There are a number of ways in which the present analysis may be improved and extended. In terms of improvement, we have noted that the framework sits more naturally within the context of spherical harmonics, which would dispense with several of the approximations made in this paper (e.g., Liu et al.2016). Furthermore, we have maintained the simplistic assumption of complete uniformity of $S(\nu )$ across noting that a relaxaton of this assumption could alter the result that all source count model effects are sequestered into a single factor. Nevertheless, we showed that the extent of this inaccuracy is likely to be minimal. A more drastic improvement would be to include covariance between baselines in the framework. At this point, we have considered only covariance between frequencies for the same baseline, which greatly simplifies the calculations.

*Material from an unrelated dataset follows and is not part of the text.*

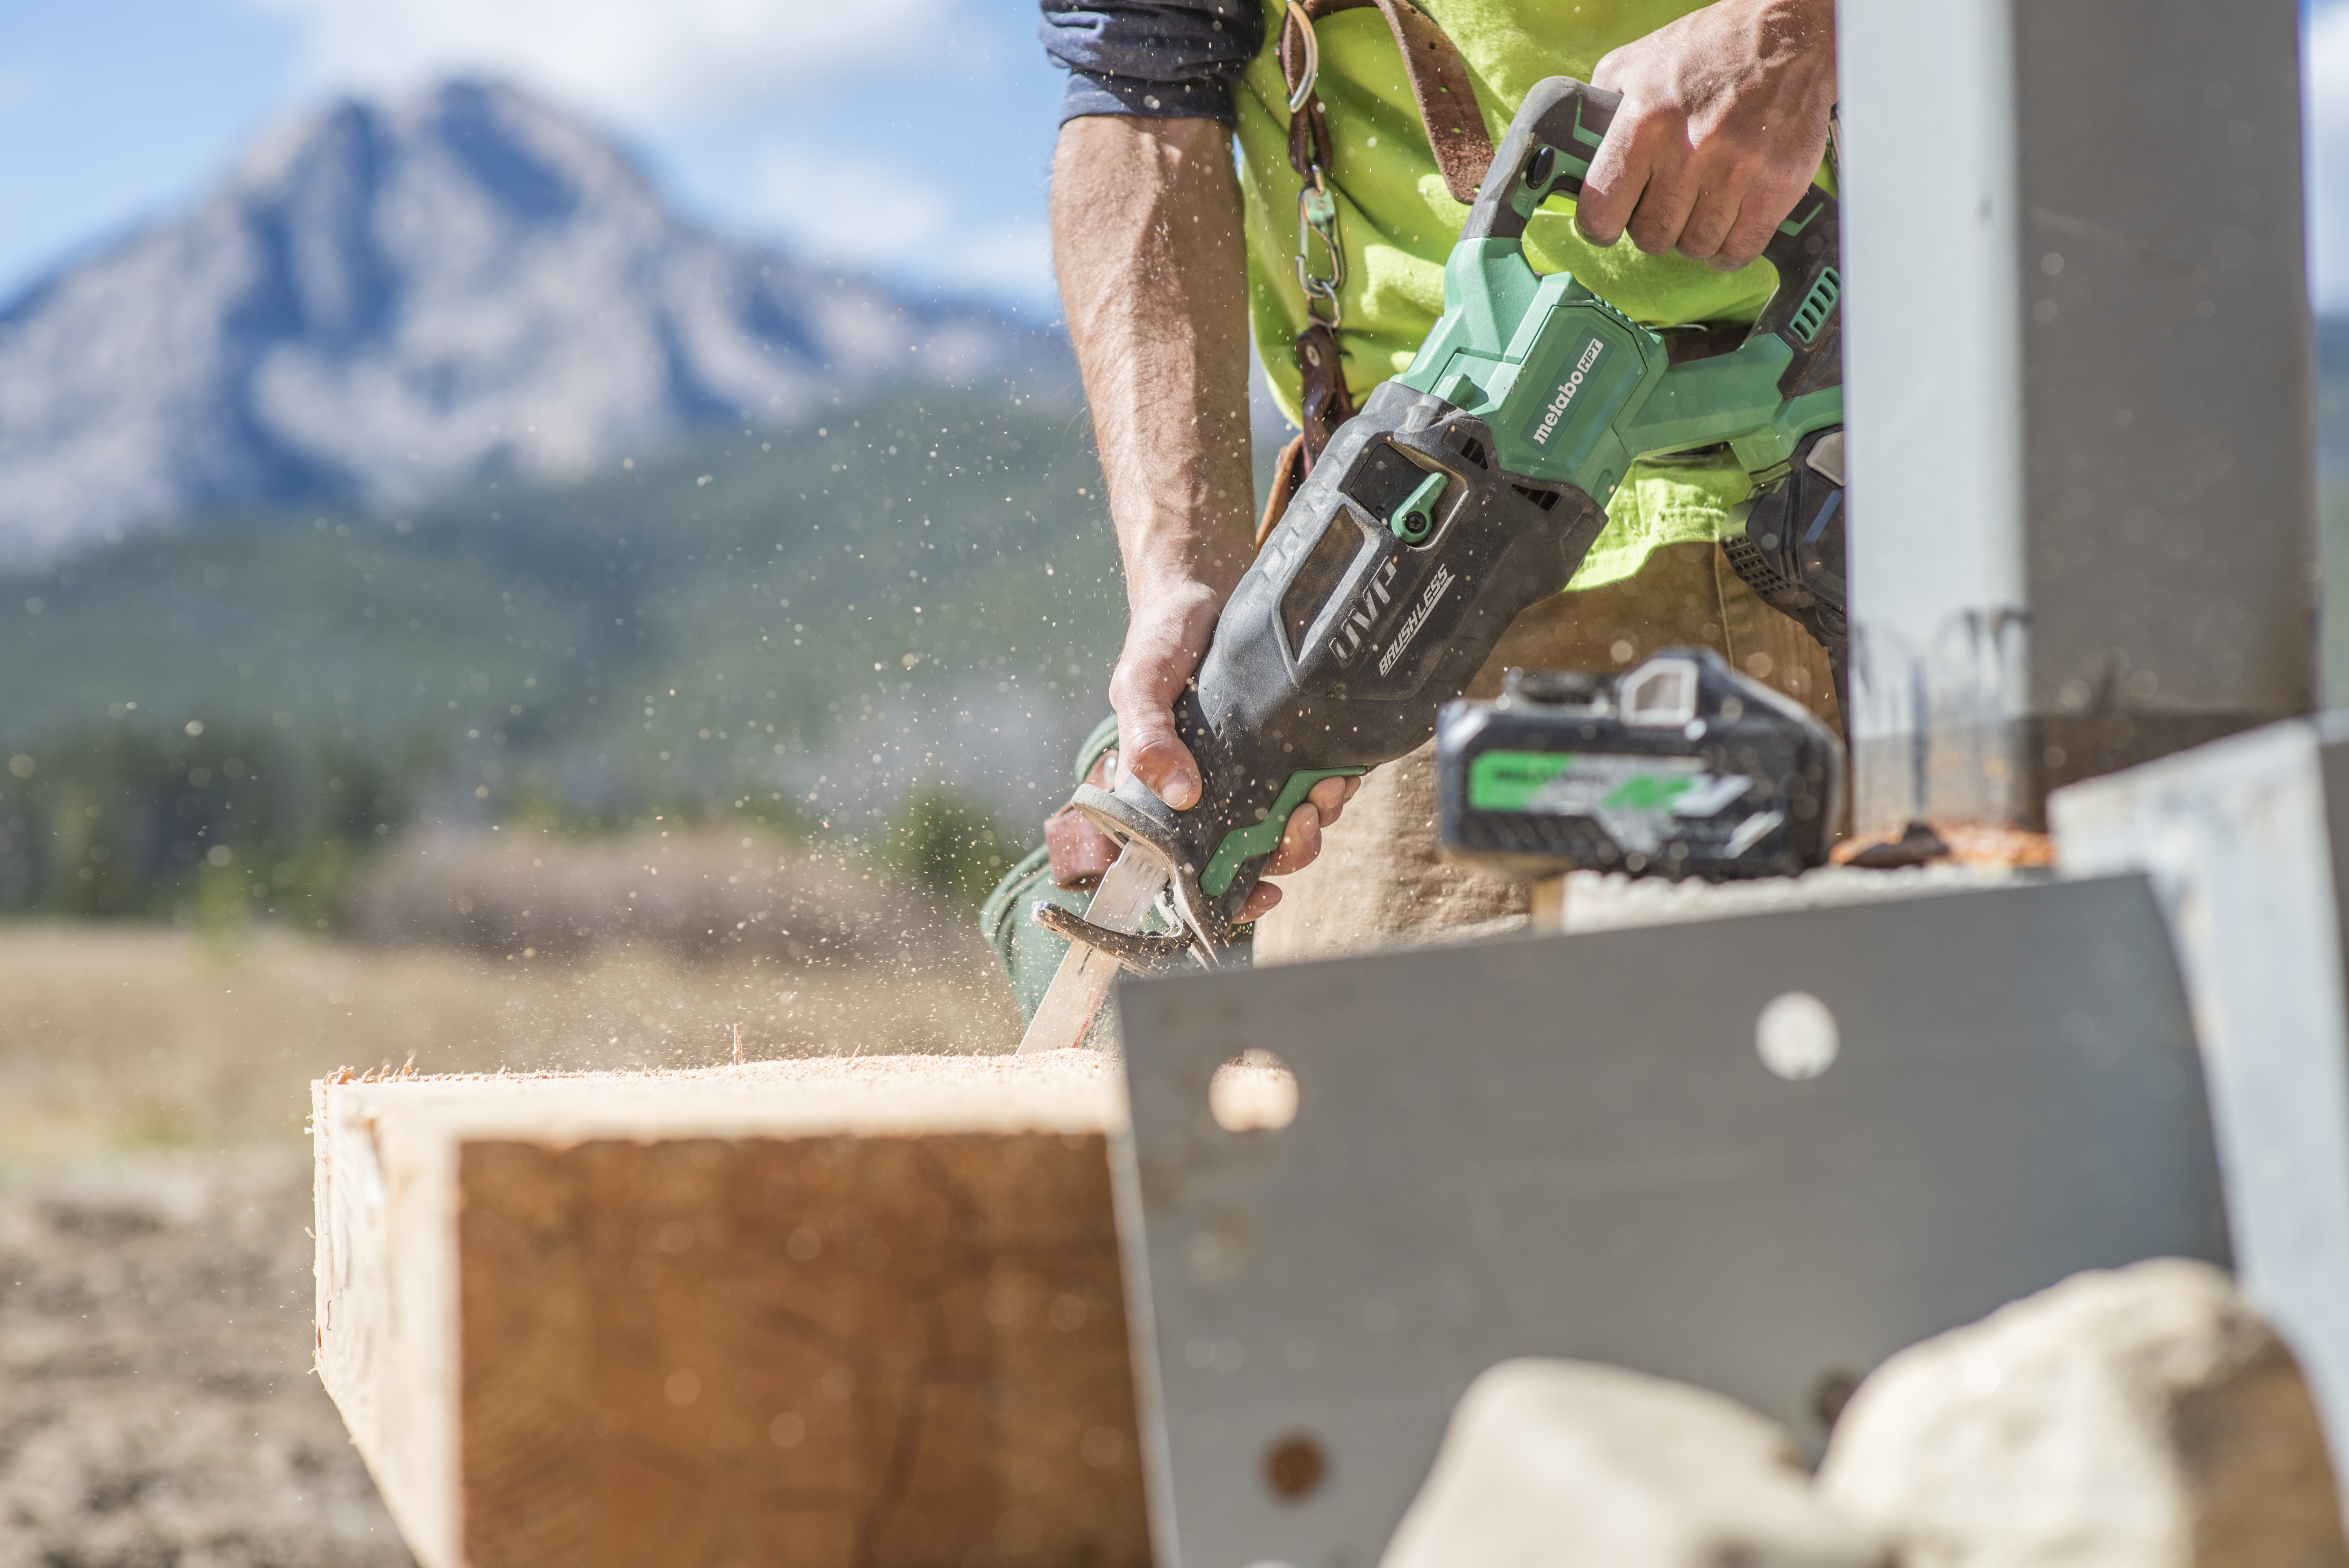 MultiVolt Reciprocating Saw Cutting

As far as extensions of this framework are concerned, a useful idea may be to link it with a physically motivated prescription for the source population models. An example of this may be a radio-frequency conditional luminosity function (CLF; Cooray 2006) as a function of redshift, out of which the source counts, SED, and source clustering may be derived. This would simultaneously provide a convenient way to model the foregrounds for suppression, but also to understand them in their own right.

We also note that the general approach to calculate the clustering term for the covariance presented here may be utilized in other foreground regimes. In particular, diffuse Galactic emission is often described as isotropic turbulence within a single observed field, which may be succinctly quantified under the same framework. Furthermore, the ionosphere's total electron content (TEC) is typically prescribed as near-Kolmogorov turbulence (with the potential addition of a large-amplitude single wave-mode to describe travelling ionospheric disturbances). In this case, the TEC field acts as a differential screen, so that the resulting foreground covariance must be derived via a similar approach as that used in weak lensing studies. Nevertheless, it is easy to see that even this contamination source can be connected to the formalism presented here.

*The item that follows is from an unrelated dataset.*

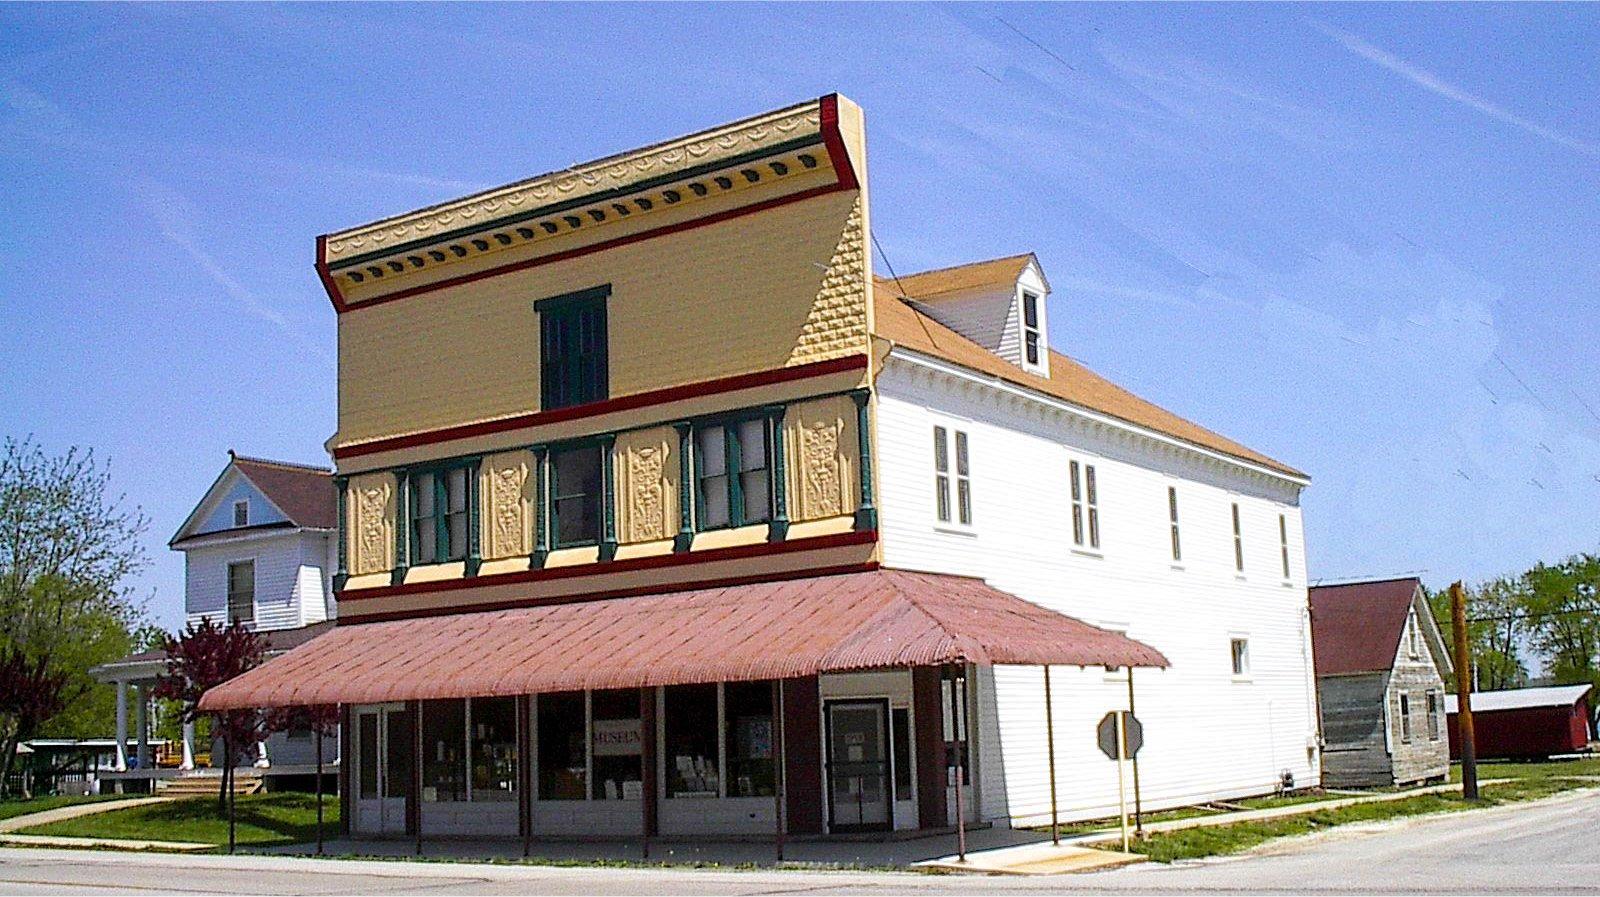 The historic Kamp Store

Predictions of our model extension can be summarized as

• 1.  
  There is excess foreground power at large ${k}_{\perp };$
• 2.  
  This excess foreground is a function almost exclusively of ${k}_{\perp }$, rather than ${k}_{| | };$
• 3.  
  Models with a higher relative abundance of faint sources in general increase the relative impact of ignoring our extensions;
• 4.  
  Models with steeper source spectra decrease the relative impact of ignoring our extensions;
• 5.  
  Under some parameter choices, ignoring the extensions induces false detections (i.e., a significant non-zero power which in fact is merely bias).

These predictions indicate that future measurements of the EoR PS could be greatly benefited from including these model extensions—particularly the clustering of sources. Furthermore, while deeper surveys will render the total point-source foreground contamination less important, the remainder of that contamination will be more dominated by clustering. Thus using SKA1-LOW in generating accurate measurements of the EoR PS will require taking into account the framework we have presented here.

These results also motivate the accurate determination of source count models down to faint limits, as well as point-source power spectra. Future deep surveys such as GLEAM-X (Hurley-Walker et al. 2017) and those performed with SKA1-LOW will be indispensable in providing high-fidelity measurements of these models, which will feed back into the covariance models for the EoR.